▶ _TASK GOAL_
Everything in the listing should be set down exactly, apart from the pictures.

──────── DATA EXCERPT

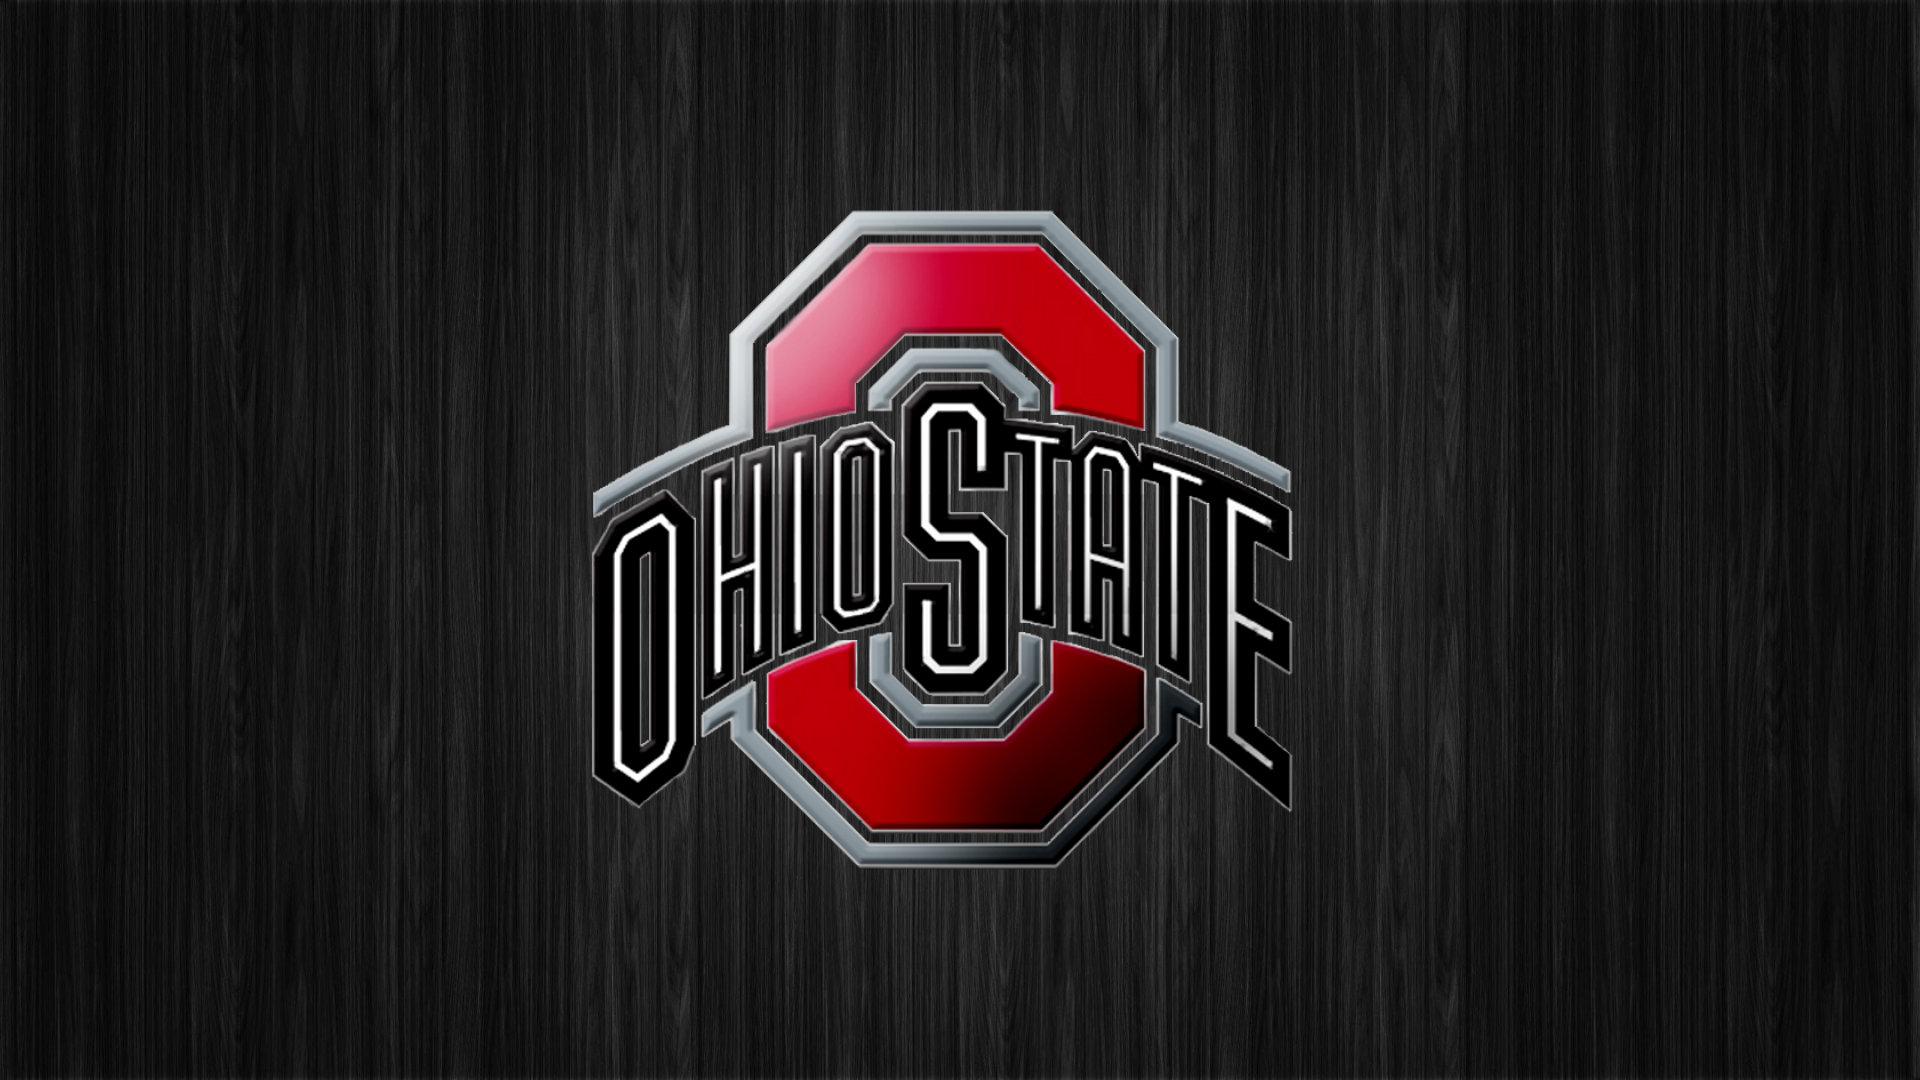 Ohio State Screensavers and Wallpaper - WallpaperSafari
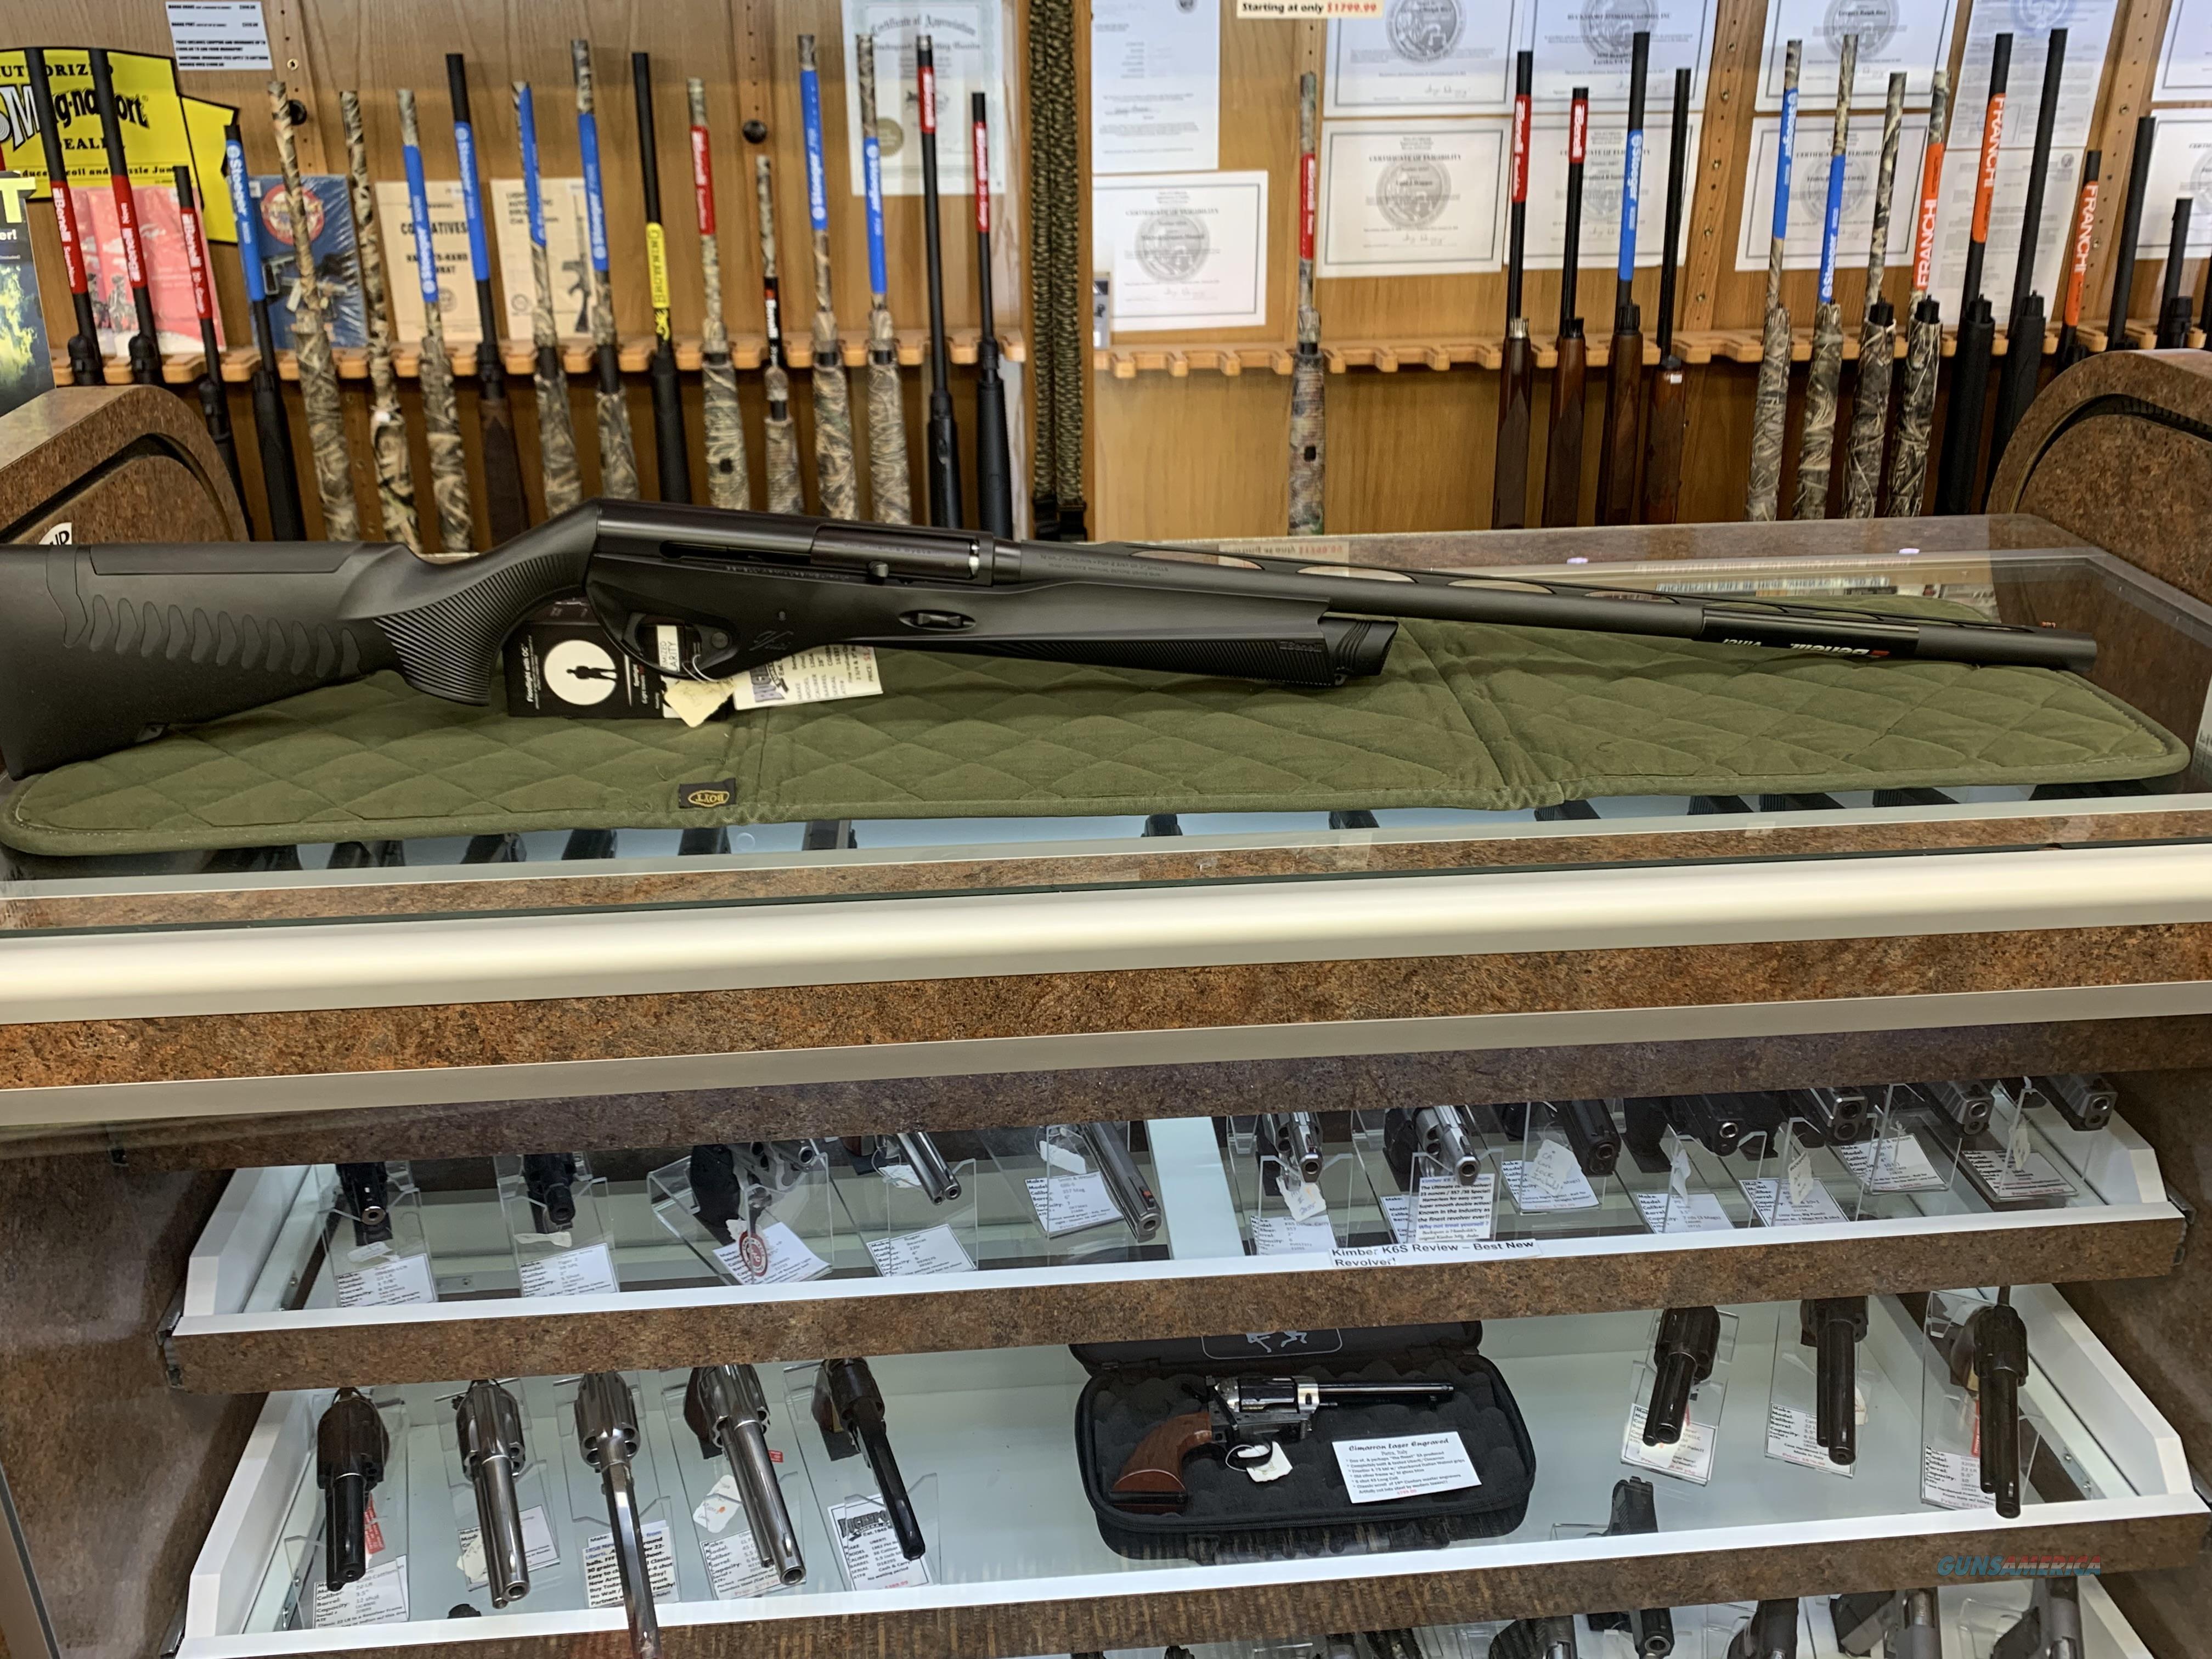 Benelli Vinci  Guns > Shotguns > Benelli Shotguns > Sporting
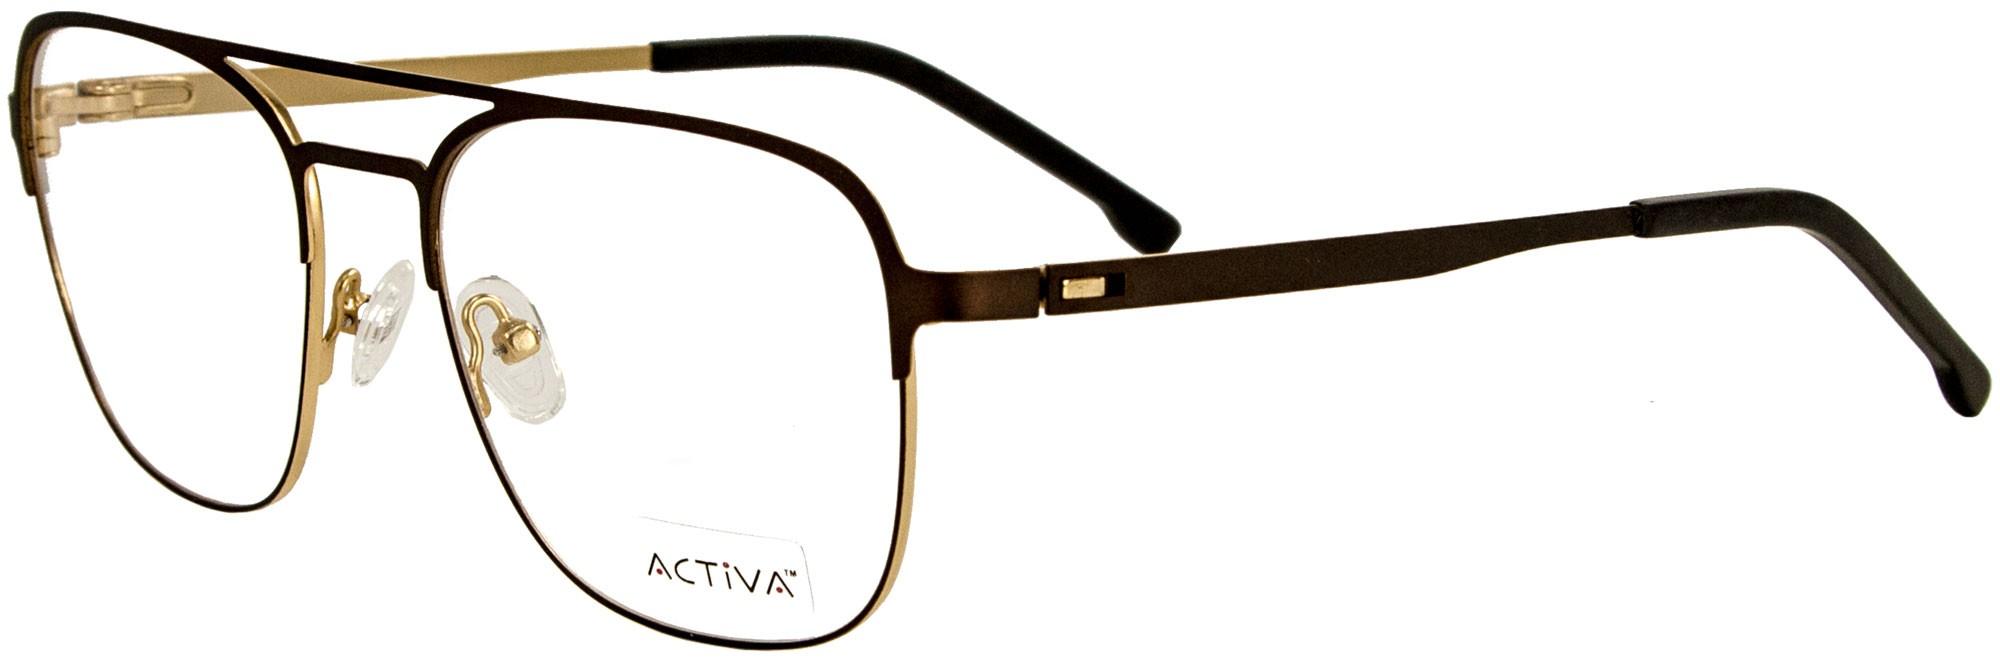 Activa 9546 C1 2

────────────────

▶ _FINAL ANSWER_
 Ohio State Screensavers and Wallpaper - WallpaperSafari
 Benelli Vinci  Guns > Shotguns > Benelli Shotguns > Sporting
 Activa 9546 C1 2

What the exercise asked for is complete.